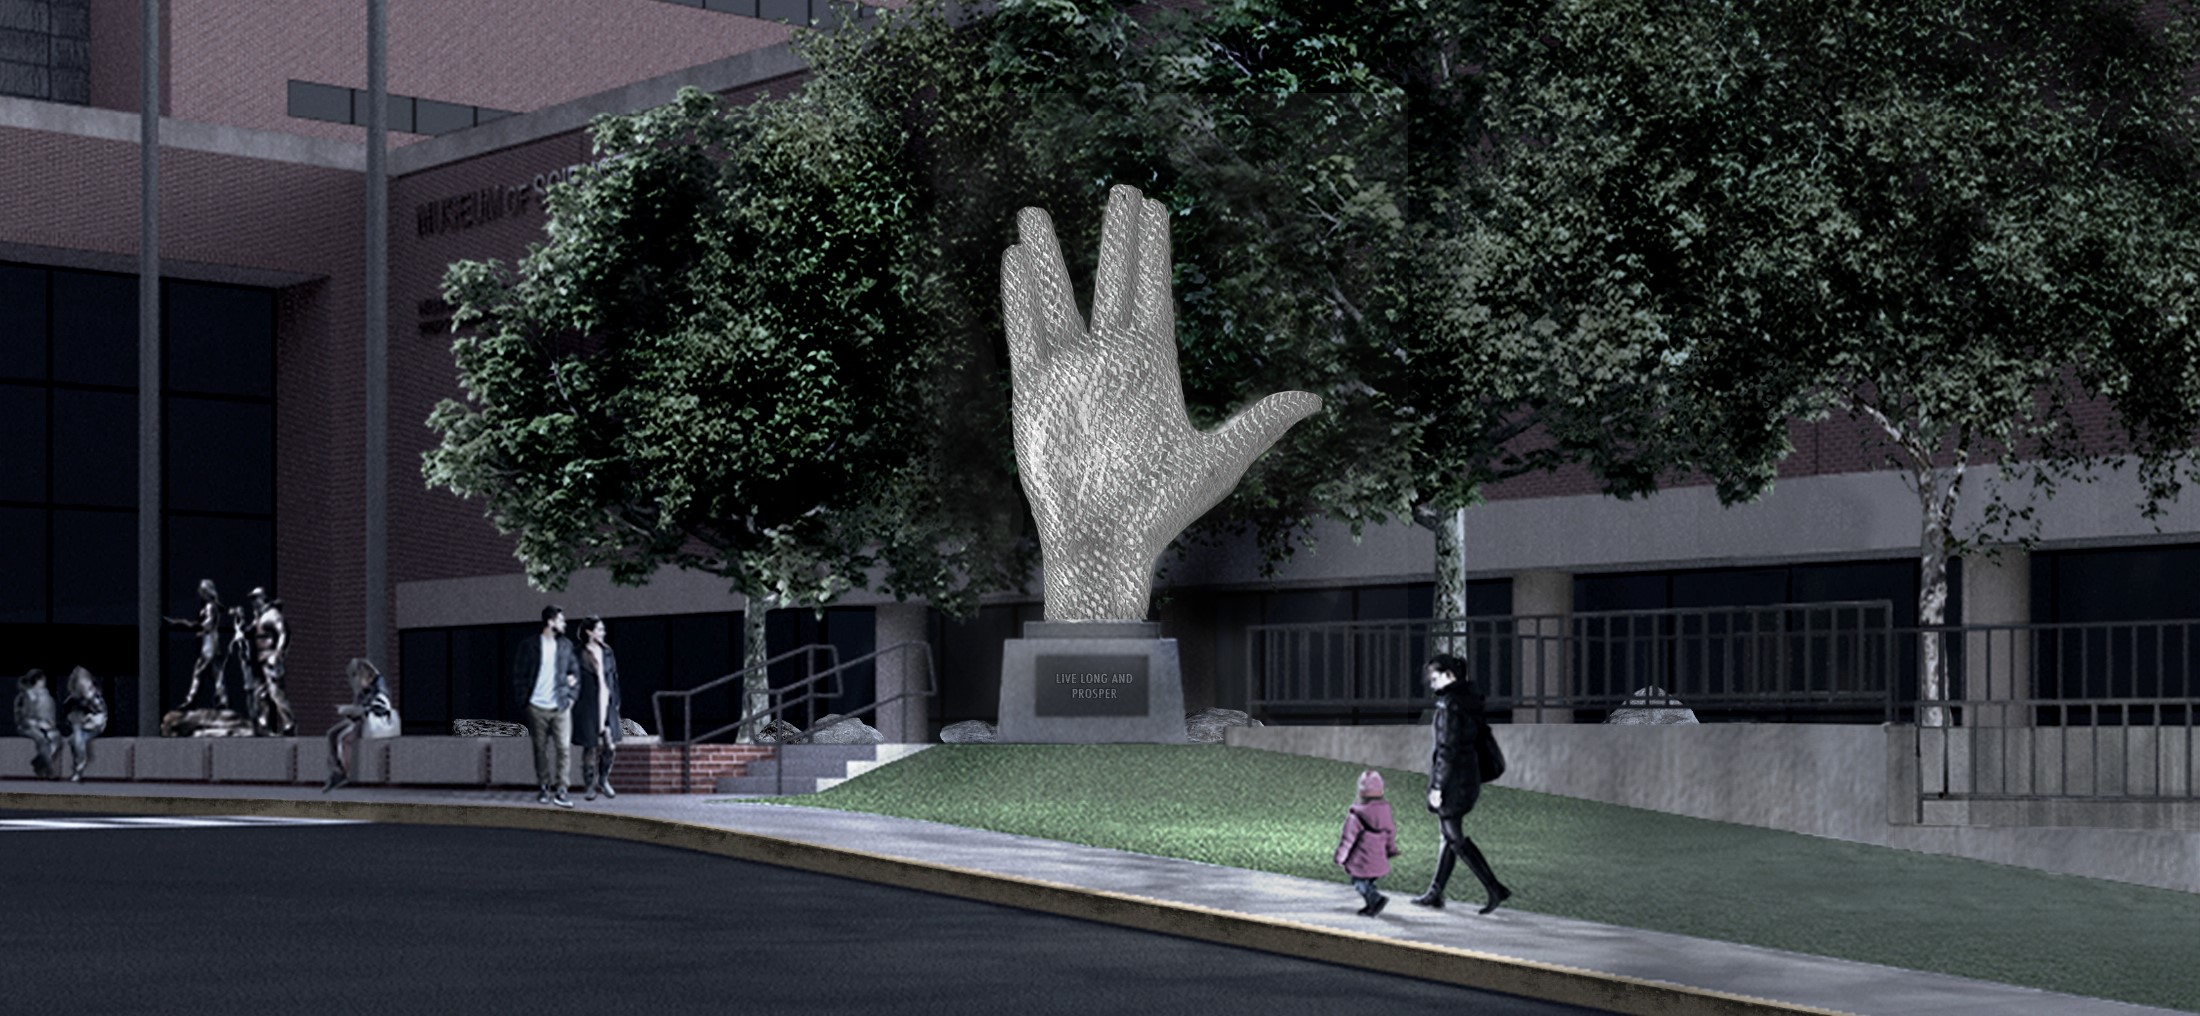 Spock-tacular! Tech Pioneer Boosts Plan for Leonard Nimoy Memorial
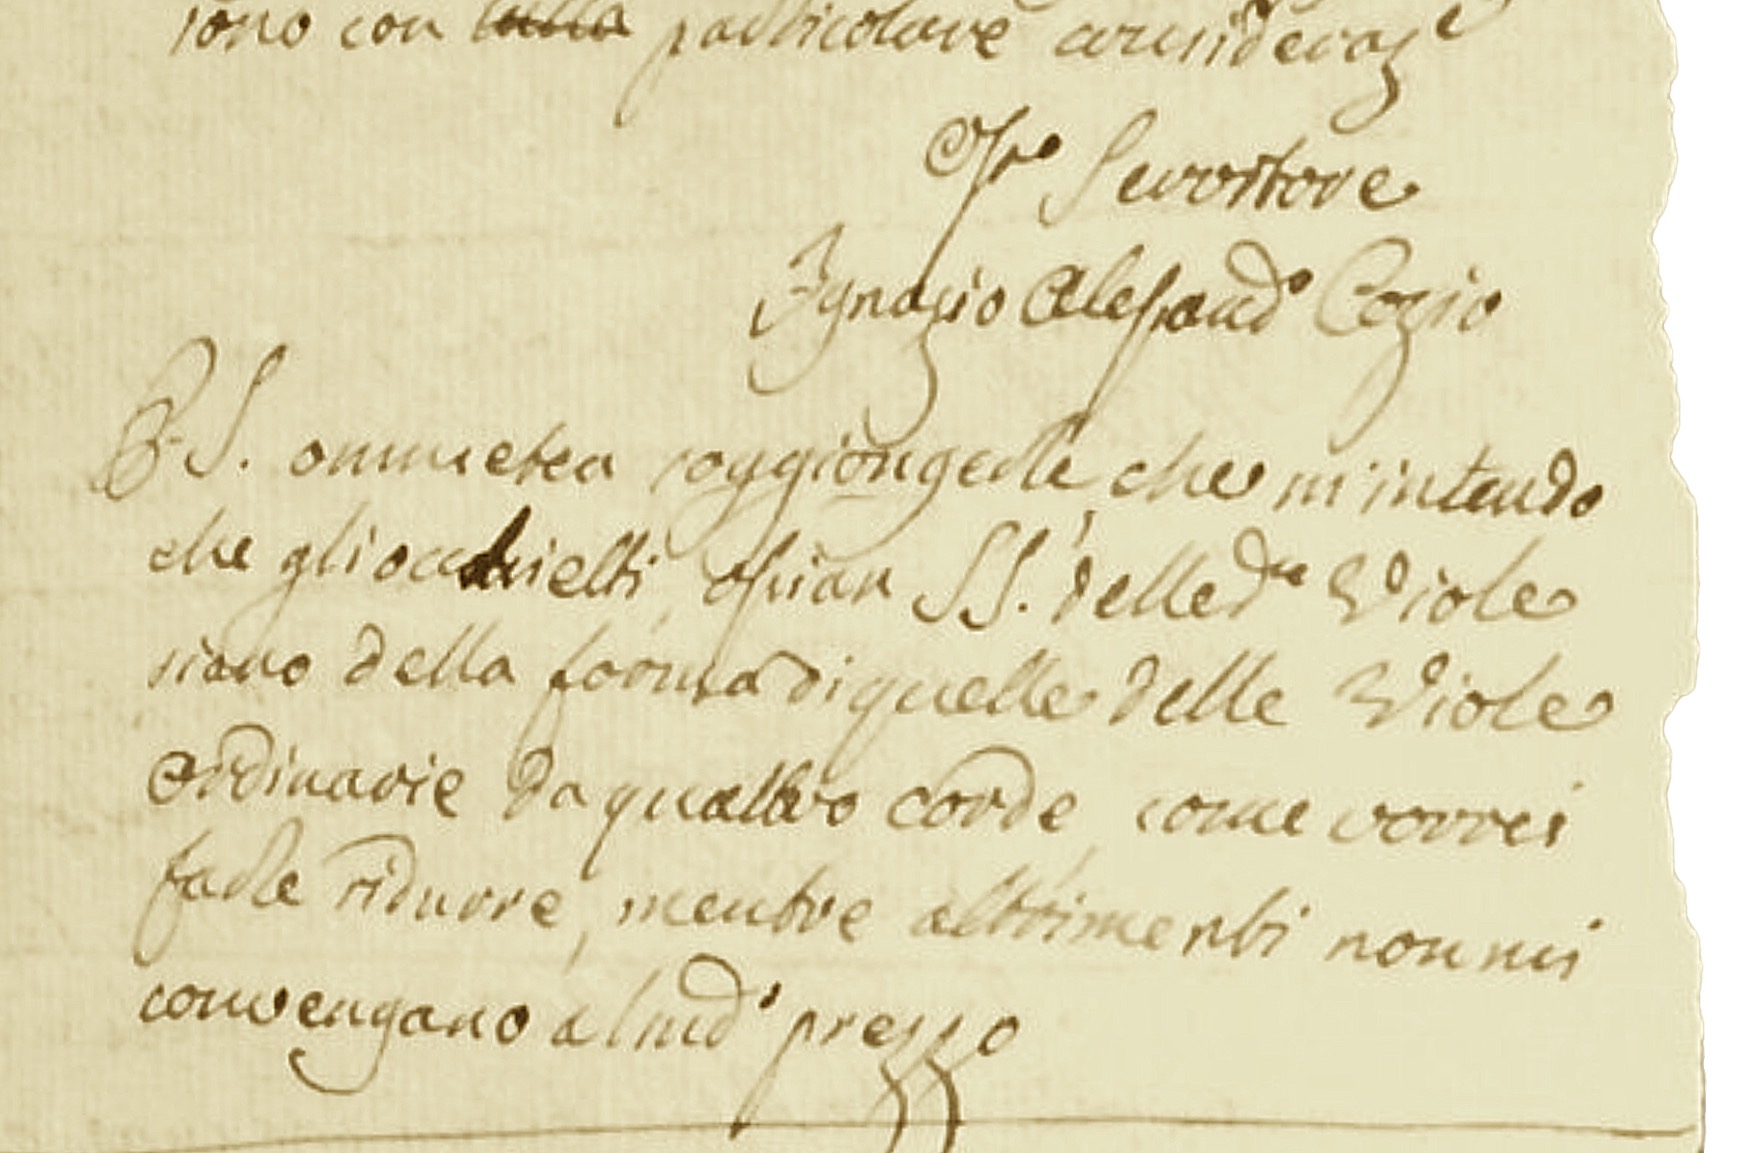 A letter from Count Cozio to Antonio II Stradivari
+-------+
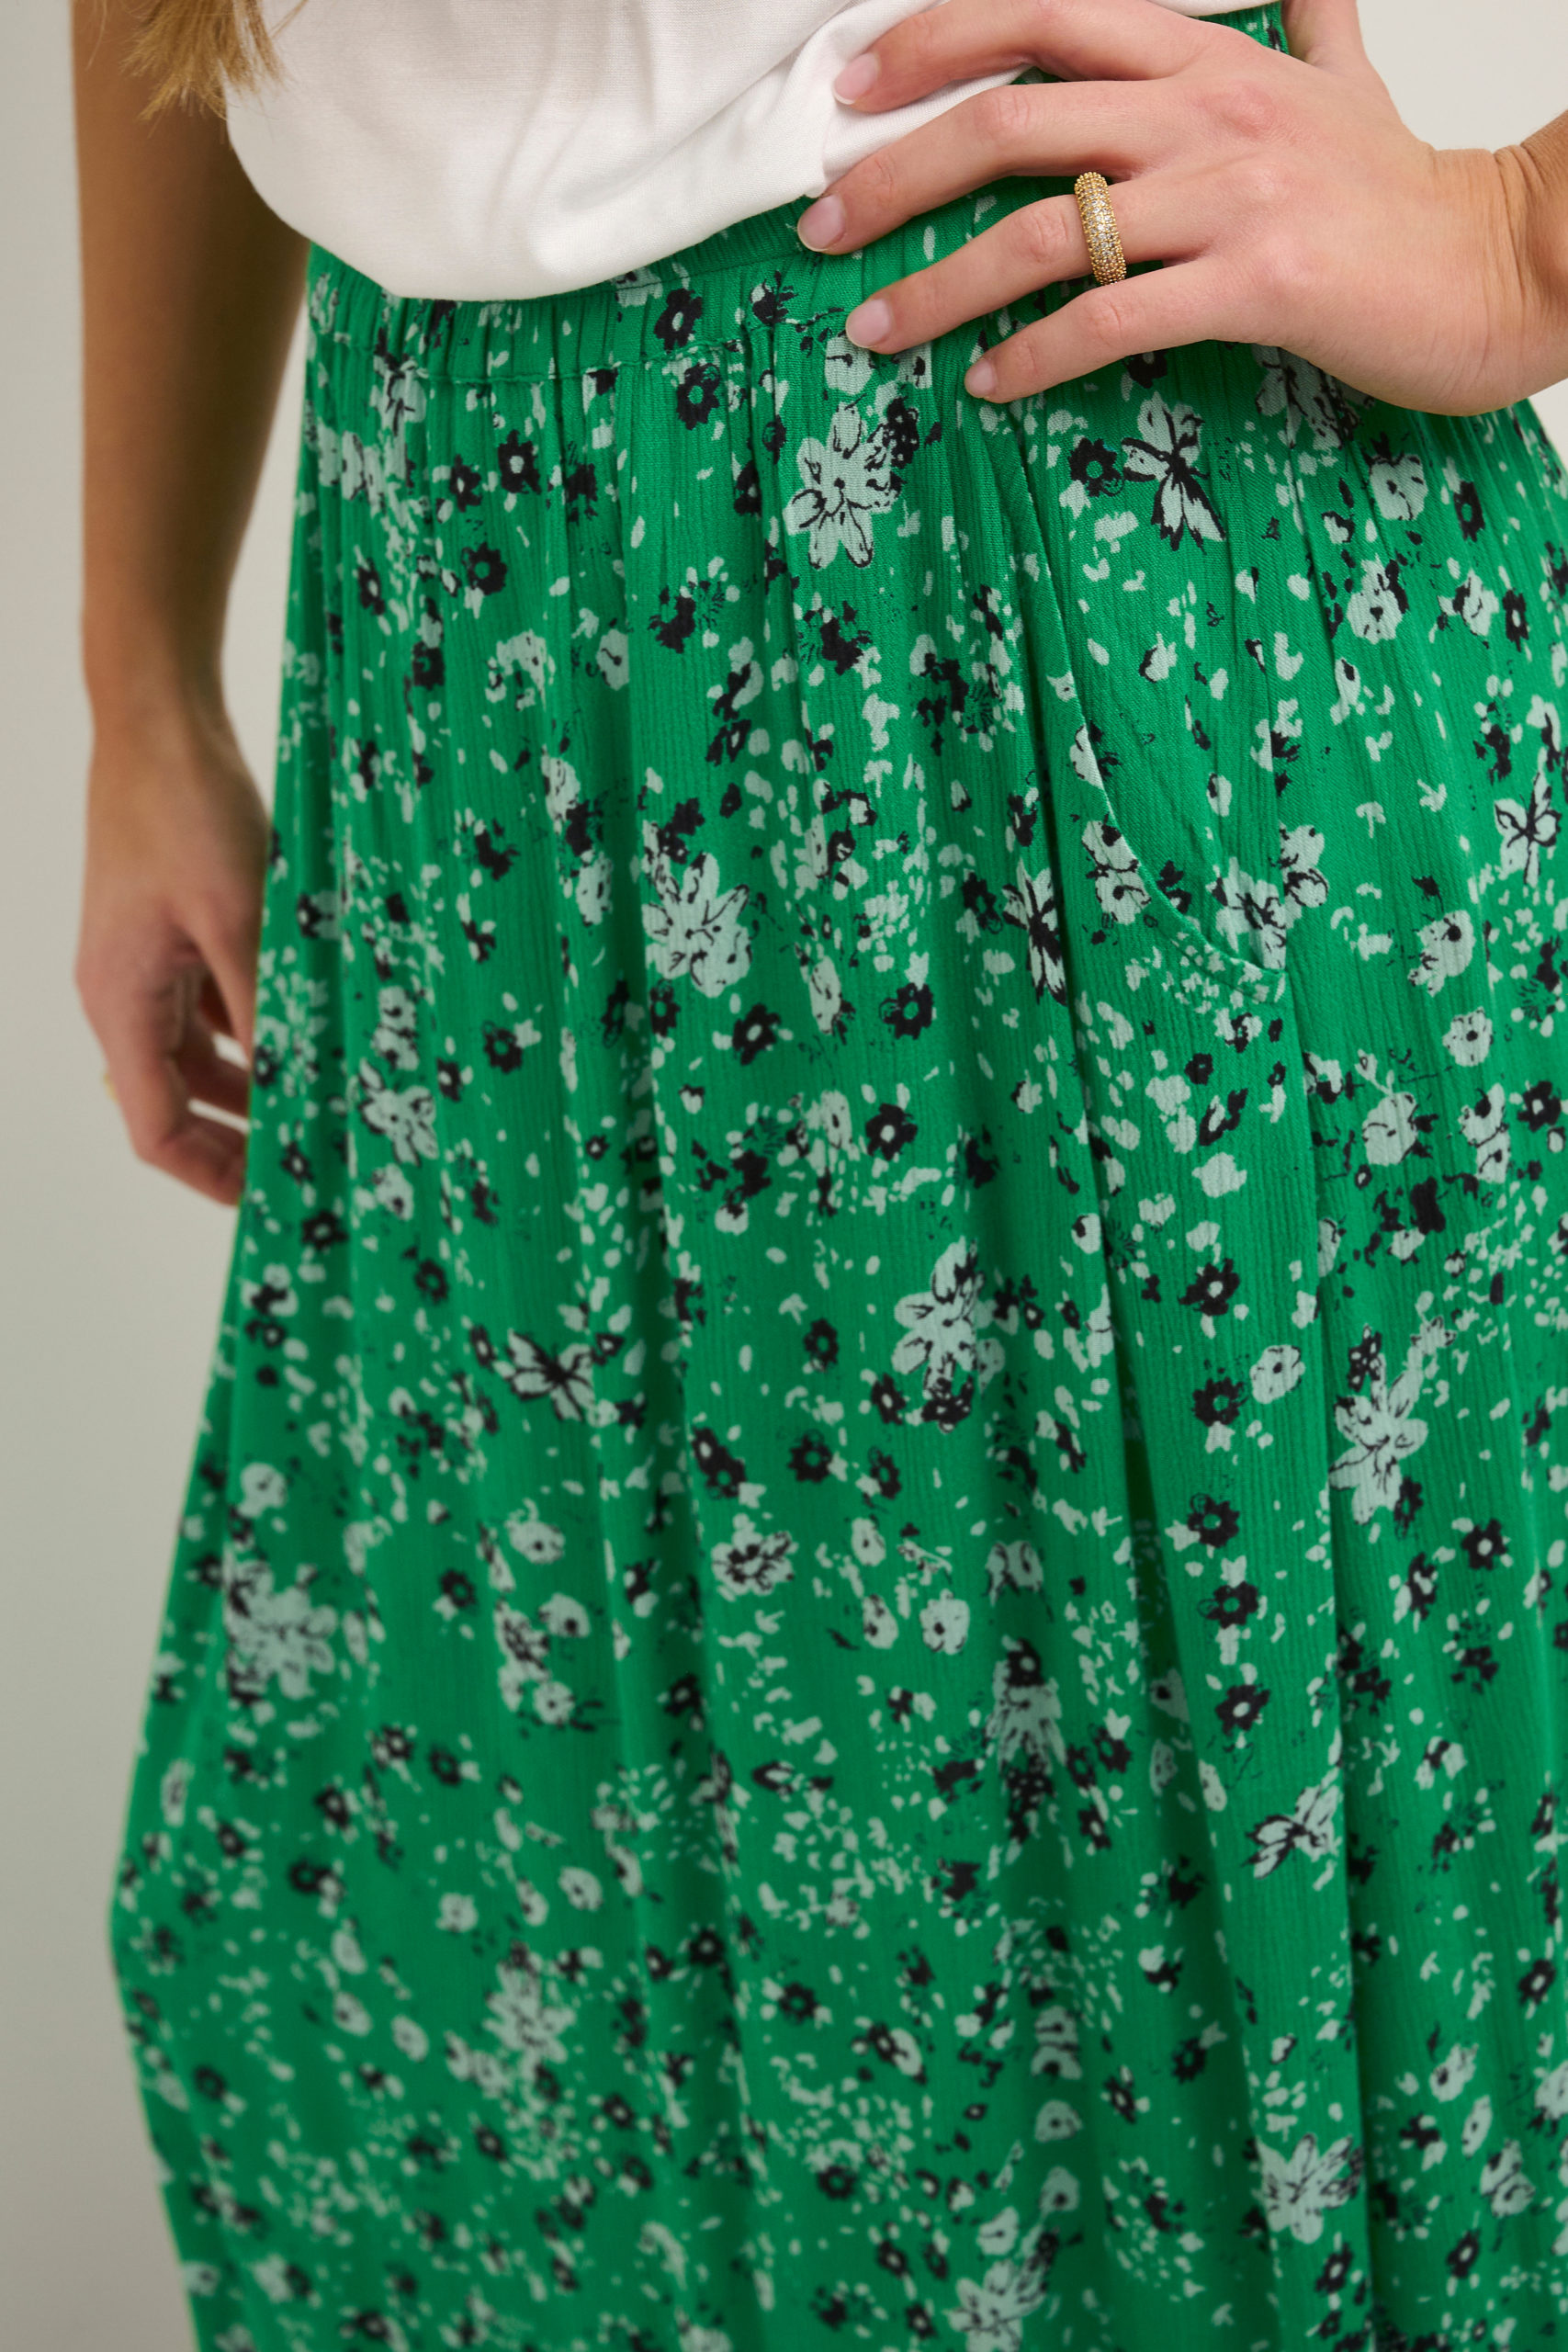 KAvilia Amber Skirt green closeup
+-------+
* **INSTRUCTIONS TO FOLLOW**
Look above for the line with "Spock-tacular! Tech Pioneer", then print it and each line after it down to and including the line with "A letter from". Leave out the pictures and keep the wording exact.

* **RESPONSE TO THIS TASK**
 Spock-tacular! Tech Pioneer Boosts Plan for Leonard Nimoy Memorial
 A letter from Count Cozio to Antonio II Stradivari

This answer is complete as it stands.